I love the way she frames this with Newton, don’t you?

Looking at the show’s social media advertising for the upcoming contestant test, it seems to me that they’re trying hard to send a message of inclusivity.  Now that I’m looking for those short “What can you do in 13 minutes?” videos that have been popping up in my Facebook feed, of course I can’t find them, but I seem to remember the featured actors are young and nonwhite (a reminder that Jeopardy! needs to keep building its future viewership).  I definitely saw Ian from last year’s Teachers Tournament, who is African American,  in one of the photo ads, and, as I’ve mentioned, Chris from Pennsylvania:

There’s a lot more in play than what the become-a-contestant ads look like, of course.  I’ve written a lot in these blog posts about not being ready to risk failure, having to surmount fears of looking stupid, coming to believe that neither a win or loss would mean anything about me. Stereotype threat is a factor for me because I’m a woman, and at some level, I’m sure I still believe that the people who are really good at trivia are nerdy white men, despite plenty of experiences to the contrary, including playing on a trivia team with two women multi-day champions and having seen Colby Burnett demolish the competition at TCONA.  And I’m a significantly privileged woman, with perhaps a bit of stereotype boost from being Jewish?–and even with many advantages conferred by color and class and education, there have been obstacles:

  • The fear of being shamed for aspiring in the first place: “Who do you think you are?”
  • The fear of being shamed for falling short: “You didn’t prepare enough/try hard enough/know enough,” all conducing to You’re not enough.”
  • The fear of letting the group down: “You’re supposed to be a teacher, and you didn’t know that?”

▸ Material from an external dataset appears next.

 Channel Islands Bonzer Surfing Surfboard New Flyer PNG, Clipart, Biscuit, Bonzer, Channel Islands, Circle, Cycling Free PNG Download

And something I haven’t really mentioned here yet:

  • The fear of becoming the target of some sort of online (let alone real-world) vitriol, as seems to happen more often to women (see Talia Levin’s piece for Broadly), transgender people, gay men and lesbians who mention their partners on air (just read the Jeopardy! Facebook page comments), and, though I haven’t found much written about it, almost certainly to women and men of color as well, if Viraj Mehta’s experience after becoming famous for possibly accidentally flipping the bird while explaining differential geometry is any indication.  (On those Facebook comments, you’ll sometimes also see viewers complaining about too much black history in the questions–you get the sense that any black history, or any implication that American history is black history, is going to be too much for some people.)

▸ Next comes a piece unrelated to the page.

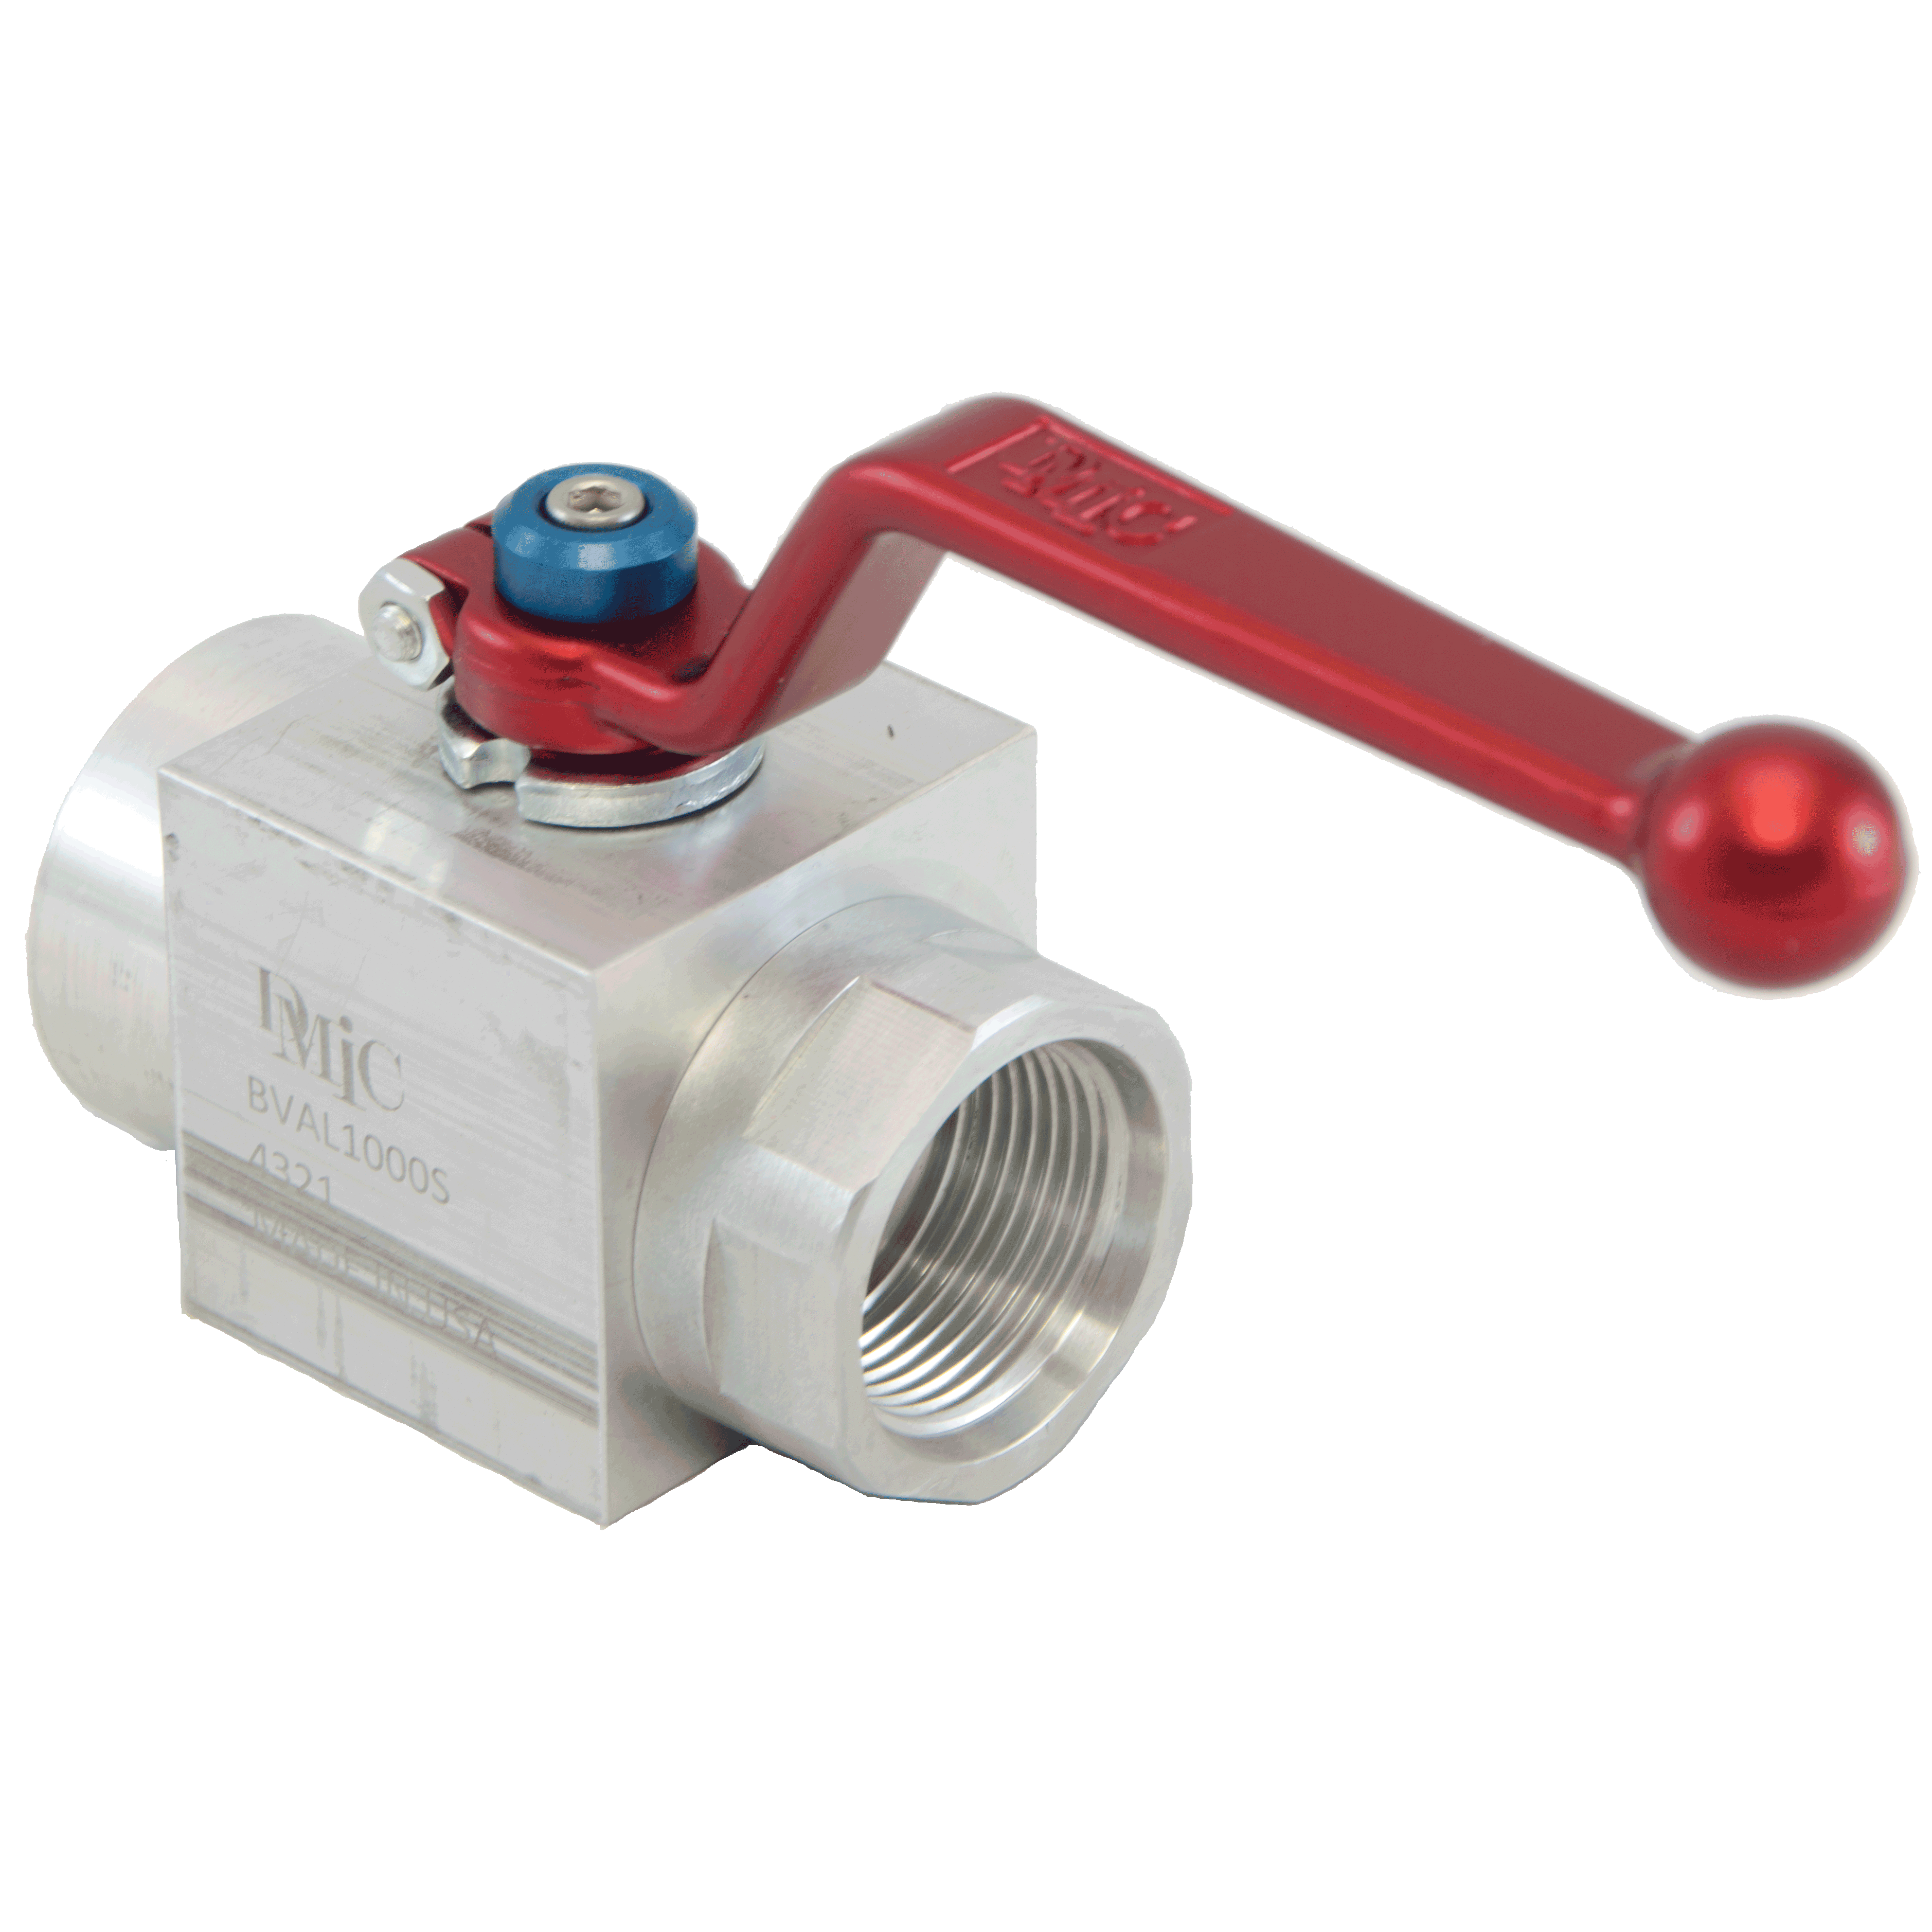 BVAL-0750N-4321-AZZN : DMIC Suction Ball Valve, 3/4 NPT, Aluminum, 600psi, Two-Way, with Locking Handle

These aren’t things to be overcome by ourselves and within ourselves alone, even though some of us will be able to overcome them without much apparent help.  If we want to nurture students’ interest in engineering, we create opportunities for kids to learn robotics and chances for them to cooperate with and compete against one another; if we want to send a synchronized swimming team to the Olympics, we find coaches, look for the talent, get the talent in the pool.  I think this goes for teachers–a profession for which, in this country, we do very little to cultivate and nurture talent–and for Jeopardy! contestants as well.